AU NOM DU PEUPLE FRANÇAIS

 

Vu la procédure suivante :

Par une requête, enregistrée le 26 janvier 2021 au secrétariat du contentieux du Conseil d'Etat, la Fédération Diversité et Proximité Mutualiste demande au Conseil d'Etat :

1°) d'annuler pour excès de pouvoir le décret n° 2020-1438 du 24 novembre 2020 relatif au droit de résiliation sans frais de contrats de complémentaire santé ;

2°) de mettre à la charge de l'Etat la somme de 5 000 euros au titre de l'article L. 761-1 du code de justice administrative.

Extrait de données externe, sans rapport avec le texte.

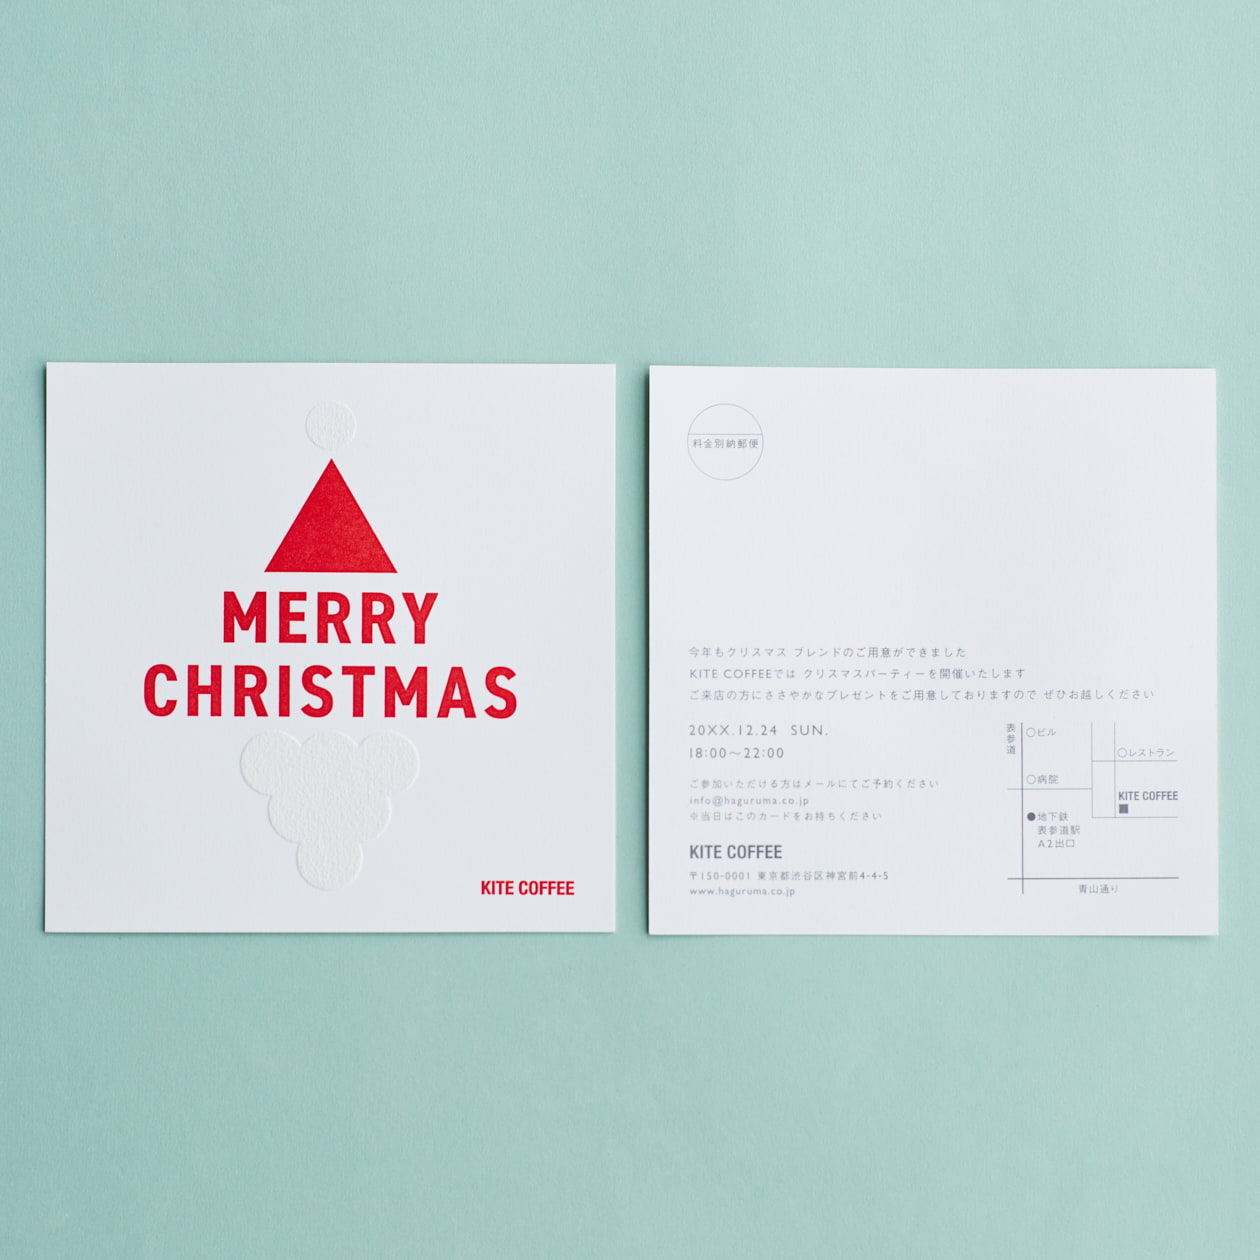 膨らむ印刷が印象的なカード

Vu les autres pièces du dossier ;

Vu :

- la Constitution, notamment son Préambule et son article 61-1 ;

- l'ordonnance n° 58-1067 du 7 novembre 1958 ;

- le code des assurances ;

- le code de la mutualité ;

- le code de la sécurité sociale ;

- la loi n° 2014-344 du 17 mars 2014 ;

- le code de justice administrative ;

Après avoir entendu en séance publique :

- le rapport de Mme Agnès Pic, maître des requêtes en service extraordinaire,

- les conclusions de Mme Marie Sirinelli, rapporteure publique ;

Considérant ce qui suit :

1. En vertu des articles L. 113-15-2 du code des assurances, L. 932-12-1 et L. 932-21-2 du code de la sécurité sociale et L. 221-10-2 du code de la mutualité, dans leur rédaction issue de la loi du 14 juillet 2019 relative au droit de résiliation sans frais de contrats de complémentaires santé, pour les contrats et règlements d'assurance couvrant les personnes physiques en dehors de leurs activités professionnelles et relevant des branches ou des catégories de contrats définies par décret en Conseil d'Etat ou, s'agissant des mutuelles ou unions, pour les règlements ou contrats relevant des branches ou des catégories de contrats définies par décret en Conseil d'Etat, la faculté pour l'assuré, adhérent, participant ou souscripteur de résilier la convention ou dénoncer son adhésion ou son affiliation lui est désormais ouverte à tout moment après l'expiration d'un délai d'un an à compter de la première souscription, sans frais ni pénalités, la dénonciation ou la résiliation prenant effet un mois après réception de sa notification.

2. Pour l'application de ces différentes dispositions législatives issues de la loi du 14 juillet 2019, le décret du 24 novembre 2020 relatif au droit de résiliation sans frais de contrats de complémentaire santé définit les branches et catégories de contrats conclus avec les sociétés d'assurance, les institutions de prévoyance et les mutuelles auxquelles s'applique le droit de résiliation ainsi désormais facilité. La Fédération Diversité Proximité Mutualiste demande au Conseil d'Etat d'annuler ce décret pour excès de pouvoir. A l'appui de sa requête, elle soulève une question prioritaire de constitutionnalité, mettant en cause la conformité aux droits et libertés garantis par la Constitution des articles L. 113-15-2 du code des assurances, L. 932-12-1 et L. 932-21-2 du code de la sécurité sociale et L. 221-10-2 du code de la mutualité, dans leur rédaction issue de la loi du 14 juillet 2019.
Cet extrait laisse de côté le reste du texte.